Our national media are covering this war as if we were "losing the peace"--even though we are not at peace and we are not losing. Why are they doing this? Because they are desperate to spin the world situation in such a way as to bring down President Bush.
It's not just the war, of course. Notice that even though our recent recession began under President Clinton, the media invariably refer to it as if Mr. Bush had caused it; and even though by every measure, the recession is over, they still cover it as if the American economy were in desperate shape.
This is the same trick they played on the first President Bush, for his recession was also over before the election--but the media worked very hard to conceal it from the American public. They did it as they're doing it now, with yes-but coverage: Yes, the economy is growing again, but there aren't any new jobs. Yes, there are new jobs now, but they're not good jobs.
And that's how they're covering the war. Yes, the Taliban were toppled, but there are still guerrillas fighting against us in various regions of Afghanistan. (As if anyone ever expected anything else.) Yes, Saddam was driven out of power incredibly quickly and with scant loss of life on either side, but our forces were not adequately prepared to do all the nonmilitary jobs that devolved on them as an occupying army.
Ultimately, the outcome of this war is going to depend more on the American people than anything that happens on the battlefield.

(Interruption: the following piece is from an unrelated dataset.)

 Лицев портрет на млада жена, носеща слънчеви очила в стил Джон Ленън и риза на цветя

Are we going to be suckered again the way we were in 1992, when we allowed ourselves to be deceived about our own recent history and current events?

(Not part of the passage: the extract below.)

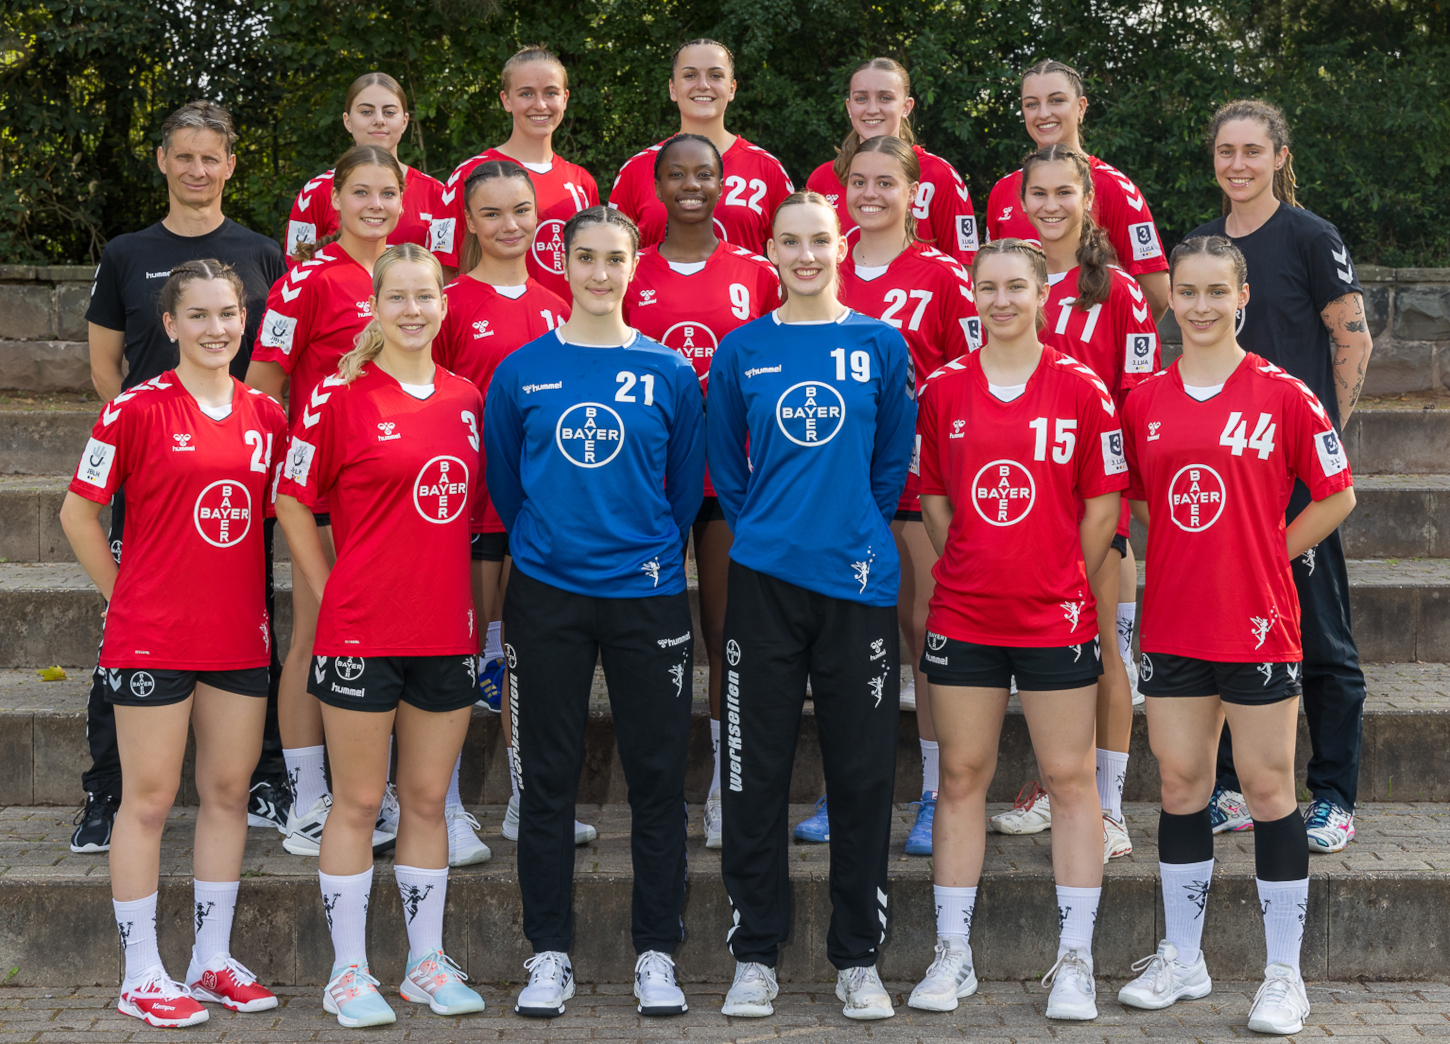 Hanballmannschaft des TSV Bayer 04 Leverkusen

We are being lied to and "spun," and not in a trivial way. The kind of dishonest vitriolic hate campaign that in 2000 was conducted only before black audiences is now being played on the national stage; and the national media, instead of holding the liars' and haters' feet to the fire (as they do when the liars and haters are Republicans or conservatives), are cooperating in building up a false image of a failing economy and a lost war, when the truth is more nearly the exact opposite.
And in all the campaign rhetoric, I keep looking, as a Democrat, for a single candidate who is actually offering a significant improvement over the Republican policies that in fact don't work, while supporting or improving upon the American policies that will help make us and our children secure against terrorists.
We have enemies that have earned our hatred, and whom we should fear. They are fanatical terrorists who seek opportunities to kill American civilians here and Israeli civilians in Israel. But right now, our national media and the Democratic Party are trying to get us to believe that the people we should hate and fear are George W. Bush and the Republicans.
I can think of many, many reasons why the Republicans should not control both houses of Congress and the White House. But right now, if the alternative is the Democratic Party as led in Congress and as exemplified by the current candidates for the Democratic nomination, then I can't be the only Democrat who will, with great reluctance, vote not just for George W. Bush, but also for every other candidate of the only party that seems committed to fighting abroad to destroy the enemies that seek to kill us and our friends at home.
And if we elect a government that subverts or weakens or ends our war against terrorism, we can count on this: We will soon face enemies that will make 9/11 look like stubbing our toe, and they will attack us with the confidence and determination that come from knowing that we don't have the will to sustain a war all the way to the end.